Cache Replacement Policies When a miss occurs, the cache controller must select a block to be replaced with the desired data. A replacement policy determines which block should be replaced. With direct-mapped placement the decision is simple because there is no choice: only one block frame is checked for a hit and only that block can be replaced. With fully-associative or set-associative placement , there are more than one block to choose from on a miss. Least Recently Used – Good, but requires usage information to be stored in the cache. Not Last Used – Tends to remove infrequently used cache lines, has a few pathological cases. Random – Actually quite simple and works well in practice.

victim cache: One cache line buffer to store the last line overwritten in the cache.

Reading Memory When the CPU requests a memory location the required block is searched for in the cache. If it is found then it is sent to the CPU, no further work has to be done. If we encounter a cache miss we must go out to main memory. Upon returning with the block from main memory we have two options: 1. Read Through – Do not store in cache, take straight to CPU 2. No Read Through – Store this block in the cache, from there transfer it to memory. Writing Memory When the CPU writes to a memory location and the block currently exists in the cache we have a write hit. We can do one of two things: 1. Write Through – Data is written to both the cache and the lower level memory so if a cache line is replaced it doesn’t need to be written back to the memory first. This method is common for multiprocessor computers so that cache coherency is possible. 2. Write Back - Data is initially written to the cache only and will be written to the lower level memory when its cache line is replaced. A dirty bit is used to indicate if the cache line has been modified and therefore requires being written back before removal. When the CPU writes to a memory location and the block doesn’t exist in the cache we have a write miss. We can one of two things: 1. Fetch – Bring the block from main memory into the cache and then perform either write hit action. 2. Write Around - The block is modified in main memory and not loaded into the cache. Since writing to lower level memory takes time we avoid the processor having to wait by using a write buffer to store a the upcoming writes.

 Pipelining
Objective 5 An instruction pipeline is used in processors to increase their instruction throughput, with the result that a program's overall execution time is lowered. Pipelining doesn't speed up instruction execution time, but it does speed up program execution time by increasing the number of instructions we can work on simultaneously. The more finely we can slice the instruction's lifecycle, the more of the hardware that's used to implement those phases at any given moment. When a processor does not implement pipelining it is said to be sequential. The RISC pipeline is broken into five pipeline stages with a set of flip flops between each stage. 1. Instruction fetch (IF) 2. Decode and register fetch (DC) 3. Execute (EX) 4. Memory access (MA) 5. Register write back (WB) Instruction latency: The number of clock cycles it takes for the instruction to pass through the pipeline

Sequential processors, ones that aren’t pipelined, have a latency of one clock cycle.

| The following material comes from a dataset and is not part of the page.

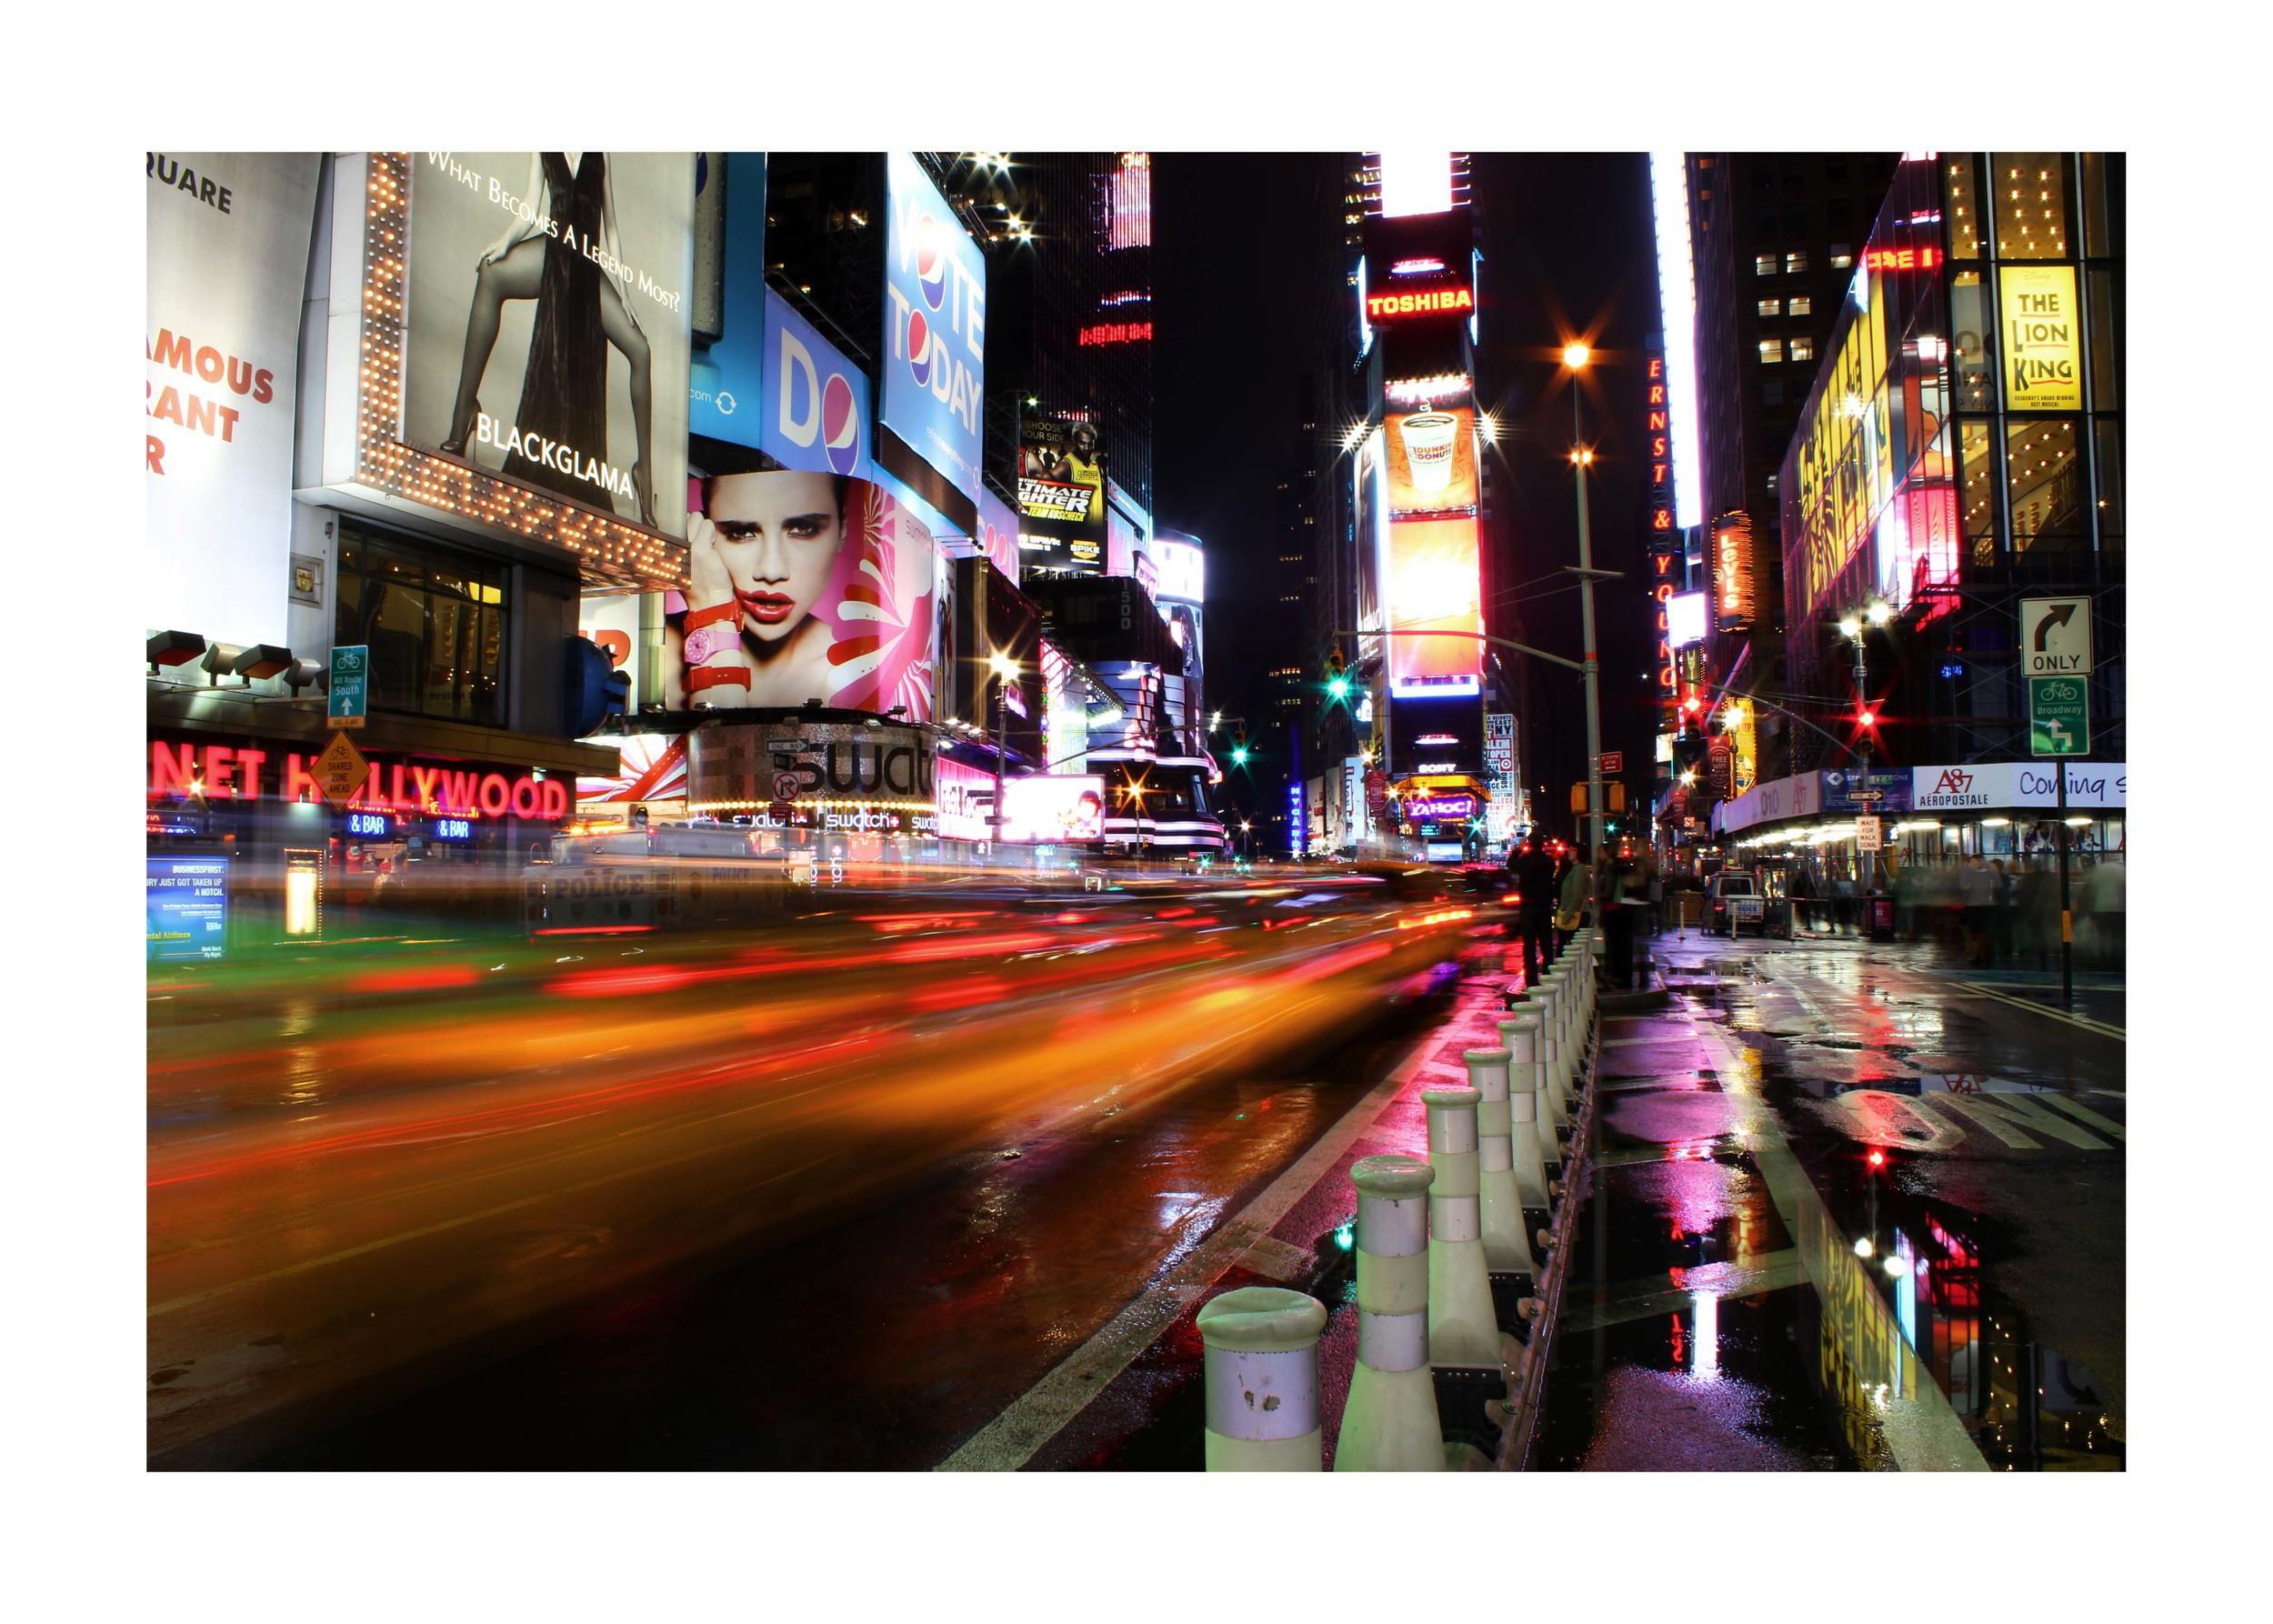 Times Square_nachts Kopie.jpg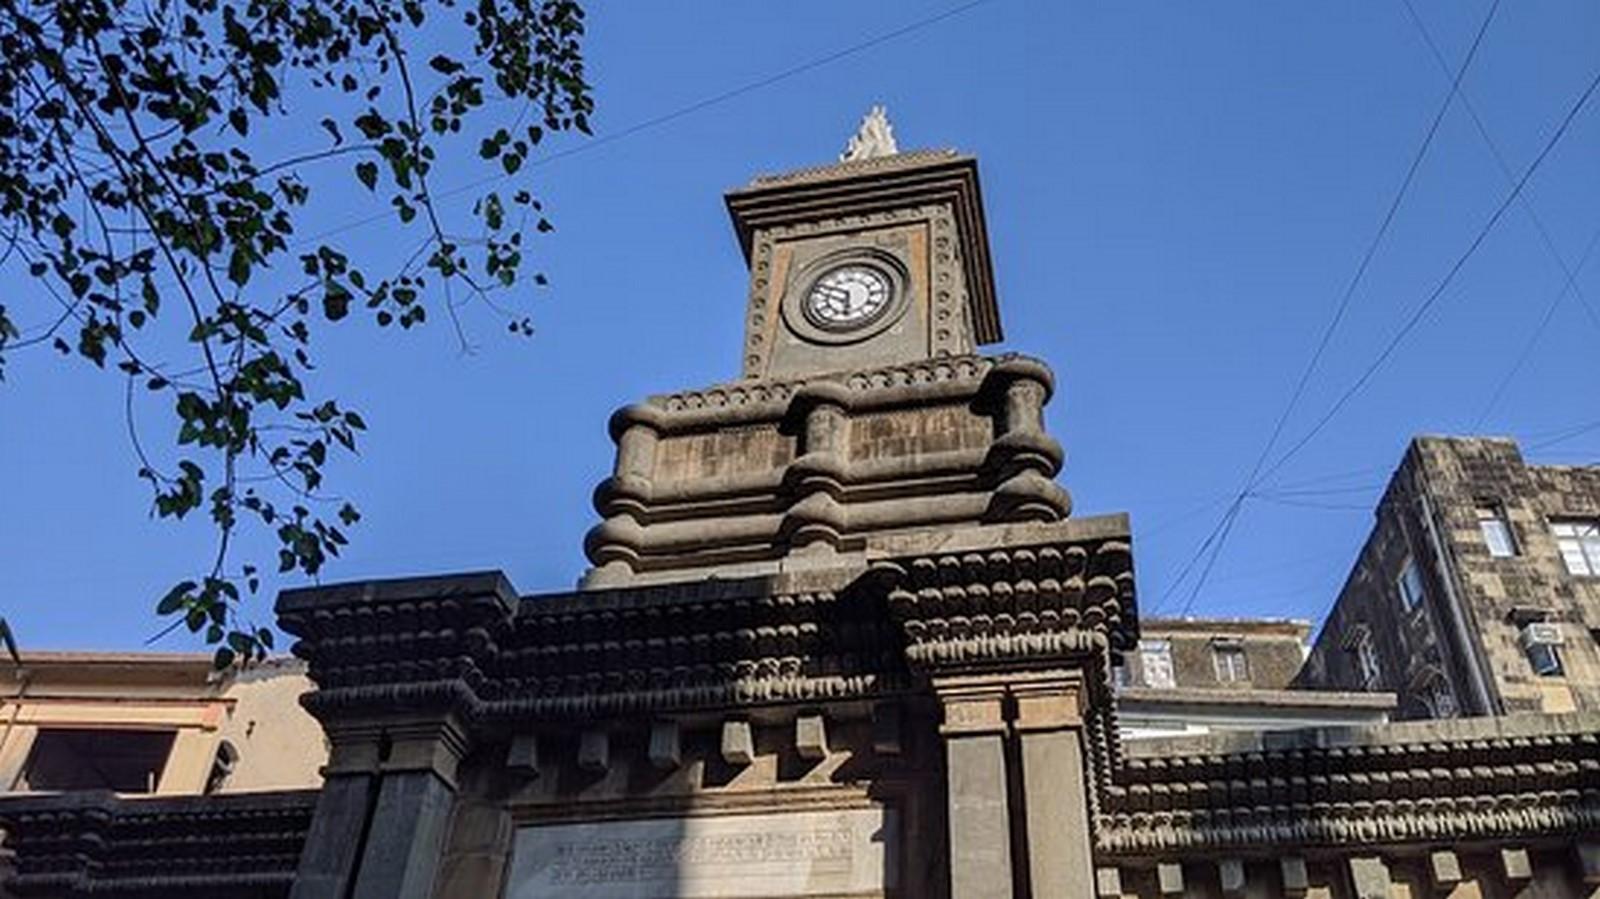 Bomanjee Hormarjee Wadia Fountain and Clock Tower, Vikas Dilawari - Sheet1

In contrast, an n-stage pipeline has a minimum latency of n cycles, or longer depending on whether the instruction stalls. Pipelining offers greater performance in general but we can encounter problems when the programmers model violated, for instance: When a programmer (or compiler) writes assembly code, they make the assumption that each instruction is executed before execution of the subsequent instruction is begun. This assumption is invalidated by pipelining. When this causes a program to behave incorrectly, the situation is known as a hazard. There are two types of hazard; data and control. Techniques such as forwarding and stalling exist to help guard against hazards. When a branch instruction occurs in assembler, a pipelined processor does not know what instruction to fetch next. We could a) stall until we branch/continue b) Predict branch outcome, if found to be wrong, flush pipeline c) Execute the instruction after the branch regardless, this is known as having a branch delay slot. is

Data Hazard
The data hazards result from a conflict over the sharing of data. Although the instructions are written with sequential execution in mind, a previous instruction's output may be the current instruction's input, such that this data dependency creates a problem while pipelining the instructions. The dependency on register t4 is a problem. A2 uses the old value of t4 because A1 hasn’t written its updated value back. Stalling solves this problem; Bubbles, a type of ‘nonoperation’ are inserted into the pipeline to keep A2 in the decode stage until A1 has written its new value. In another instance we might want to be able to use the result of the ALU directly, without having to wait for the result to be written back to the register file. For this, we need to forward the result of the ALU directly back into the ALU. //..Example Code..// lw t2,0(t1) // L: t2=load(t1) add t3,t3,t2 // A: t3=t3+t22 In this example the value of t2 is fed back into the ALU rapidly so that the value of t3 is calculated correctly and not based on an old value. Note that a single stall is still required whilst register t1 is fetched. IF A1 A2 ~ ~ ~ ~ ~ ~ time 0 1 2 3 4 5 IF A1 A2 ~ ~ ~ ~ DC ~ A1 A2 ~ ~ ~ EX ~ ~ A1 A2 ~ ~ MA ~ ~ ~ A1 A2 ~ WB ~ ~ ~ ~ A1 A2 //..Example Code..// add t4,t1,t2 // A1: t4=t1+t2 add t5,t4,t3 // A2: t5=t4+t3  Pipeline Snapshot

 With bubbles DC ~ A1 A2 A2 A2 ~ ~ ~ EX ~ ~ A1   A2 ~ ~ MA ~ ~ ~ A1   A2 ~ WB ~ ~ ~ ~ A1   A2

0 1 2 3 4 5 6 7

time

Control Hazard
Control hazards occur when the processor is told to branch - i.e., if a certain condition is true, then jump from one part of the instruction stream to another - not necessarily to the next instruction sequentially. In such a case, the processor cannot tell in advance whether it should process the next instruction (when it may instead have to move to a distant instruction). This can result in the processor doing unwanted actions. //..Example Code..// J label add t3,t1,t2 label: add t6,t4,t5

//J: jump to label //A1: t3=t1+t2 //A2: t6=t4+t5

We have two solutions to this problem: 1. Flush A1 from the pipeline, converting it to a bubble. 2. Execute A1 anyway, thus exposing the branch delay slot.

 Pros
1. The cycle time of the processor is reduced, thus increasing instruction bandwidth in most cases.

 Cons
1. The design is complex and harder to manufacture. 2. The instruction latency in a non-pipelined processor is slightly lower than in a pipelined equivalent due to the extra flip flops that are added to the data path. 3. The performance of a pipelined processor is much harder to predict and may vary more widely between different programs.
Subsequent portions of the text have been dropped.